Com isso, articulamos dispositivos analíticos fornecidos pela Gramática Cognitiva e um conceito fornecido pela Linguística Funcional mediante a dissociação entre heterossemia e gramaticalização, na medida em que estendemos o conceito de heterossemia à esfera da herança, sem ignorar a evolução que se situa na esfera vernácula. Afinal, esta proposta preserva que a evolução de “multus” a “muito” e “multi” é hereditária, enquanto a evolução de “muito” a “mui” é vernácula. A heterossemia é a relação que há entre “multi”, “muito” e “mui”, de um lado, e entre o “muito” pronome (não por acaso um pronome adjetivo) e o “muito” advérbio, por outro.

6 CONCLUSÃO

Esta dissertação parte da indagação quanto à presença de palavras com “multi” nos currículos oficiais do ensino de língua portuguesa no estado de São Paulo. O foco no item faz parte da formação acadêmica tradicional e explica por que “multi” é classificado como prefixo no projeto inicial.

Na fase de revisão da literatura, reunida no capítulo 2, constatamos que diferentes autores também consideram “multi” como prefixo e, consequentemente, o associam à composição, enquanto outros o consideram como radical e, consequentemente, o associam à derivação. O compromisso com a Linguística Cognitiva, teoria que implementa, em todos os seus modelos, uma abordagem construcional, deslocou a atenção da forma e das categorias formais para os processos cognitivos de domínio geral. A adoção da Gramática Cognitiva, por sua vez, levou a considerar quatro processos (associação, automatização, esquematização e categorização) que organizam a experiência e, consequentemente, a conceptualização.

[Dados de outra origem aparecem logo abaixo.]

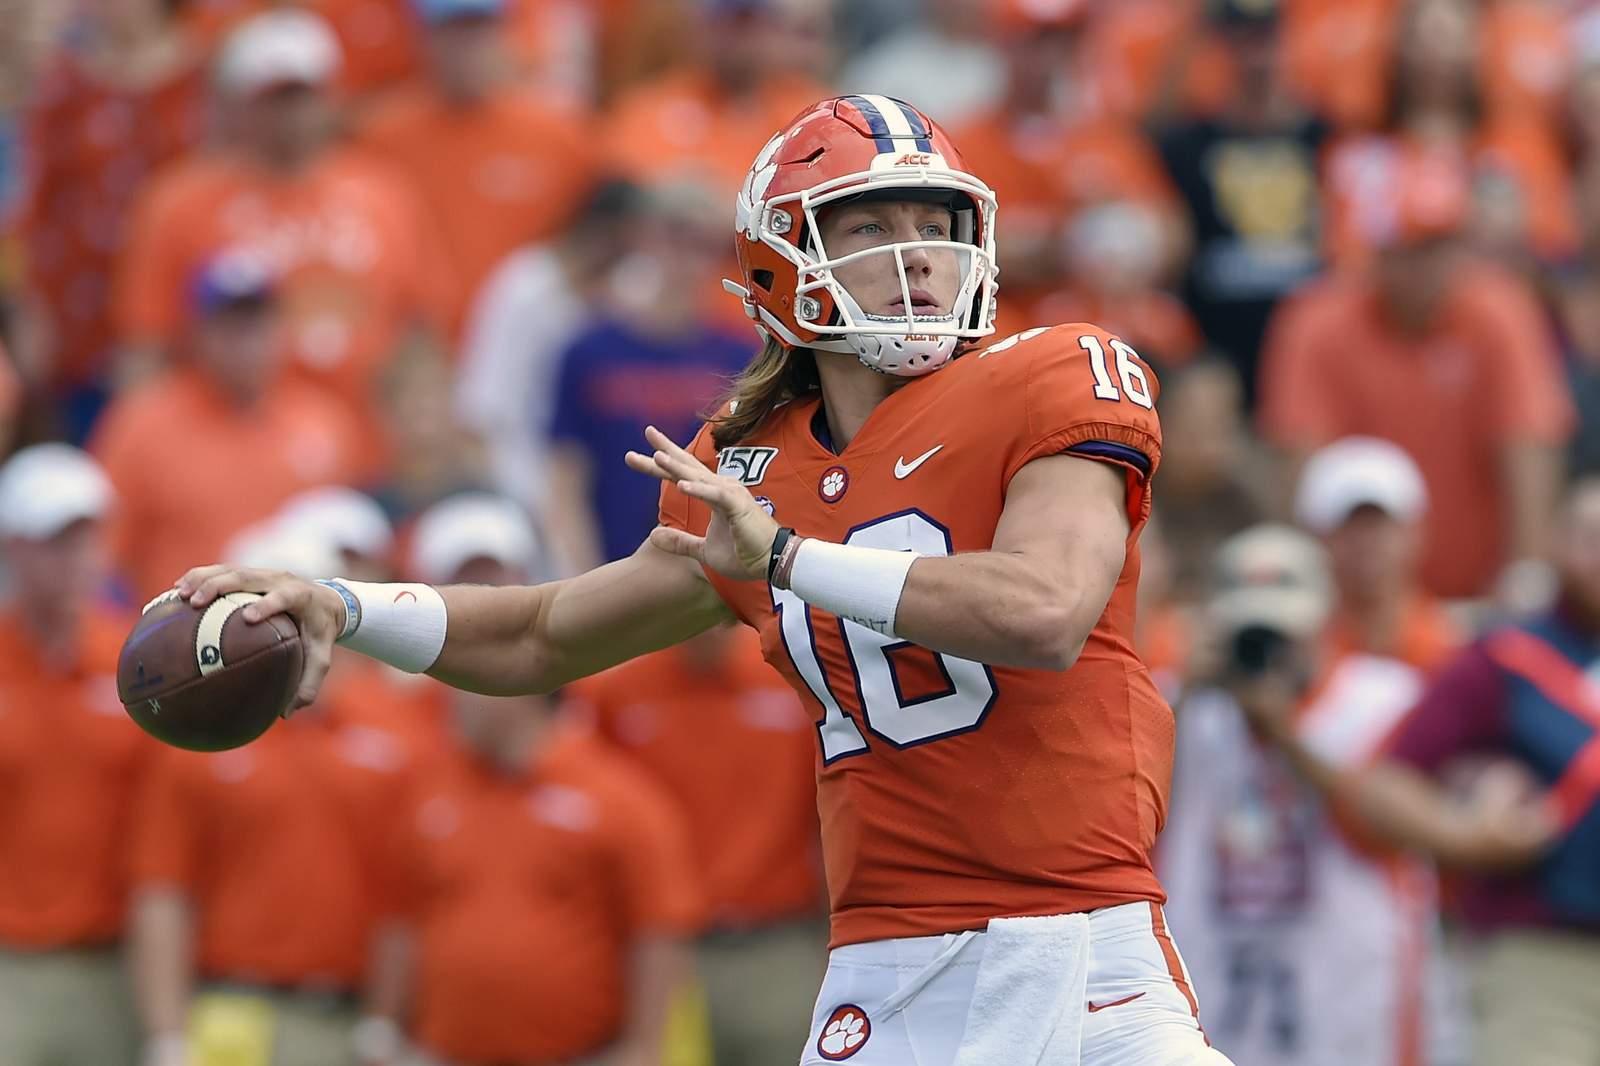 Week 2 Preview: Trevor Lawrence launches Heisman campaign

A adoção do modelo incluiu dois expedientes previstos mas não implementados pelo modelo. O primeiro foi o de perguntar pela história do elemento fixo de uma construção como [multi + X], o que nos remeteu à Linguística Histórica. O segundo foi o de, preservando o interesse do modelo na generalização máxima, que explica que o objeto seja o significado construcional, levantar dados do uso real, o que nos remeteu à Linguística de Corpus. O que cinge essas duas articulações teóricas é que os dados levantados não são apenas sincrônicos, e a pesquisa sobre o uso em diacronia esbarra nas dificuldades metodológicas reconhecidas pela Linguística.

A análise que formulamos revela a identificação dos elementos que compõem o significado de qualquer construção segundo a Gramática Cognitiva (especificidade, foco, proeminência e perspectiva) verificados na construção [multi + X], ressalvado que o próprio modelo reconhece que a morfologia nunca esteve no centro de sua atenção. Daí termos feito considerações acerca das relações entre morfologia e sintaxe e léxico e gramática, de modo a não invocar as dicotomias contra as quais a Linguística Cognitiva se insurge nem associar à Linguística Cognitiva a qualquer abordagem que anuncie como construcional. A análise também acompanha um movimento de recepção do conceito de heterossemia pela Linguística Cognitiva, propondo a dissociação entre gramaticalização e heterossemia, de um lado, e a reunião do herdado com o vernáculo, por outro.

Muitas questões ficam em aberto. A identificação das palavras “multidão” no século XIII e “multiplicar” no século XIV deve ser considerada como evidência de quais estão entre as que

atuam na depreensão da construção [multi + X]. Que outras atuaram no português como língua em formação? Que outras atuam em cada variedade do português? Que outras atuam em cada falante de cada variedade do português?

A permanência de “multidão” e “multiplicar” no português brasileiro nos leva à hipótese de que tais palavras (com analisabilidade e composicionalidade reduzidas pela condição de herdadas) estão entre as que atuam na esquematização em cada falante que adquire esta variedade, não que apenas elas o façam. Análises por século, a partir de diferentes fontes, poderiam ampliar o alcance da hipótese. Nesta dissertação, entendemos ter demonstrado o uso criativo por meio de dados contemporâneos – sejam eles mais presentes na escrita, em geral, ou num gênero textual, em particular, sejam eles mais presente na fala – assim como cuidamos de distinguir entre a pertinência dos dados à hipótese do uso criativo e a especificidade de tais dados ante a generalidade do significado construcional, aqui tomado por objeto.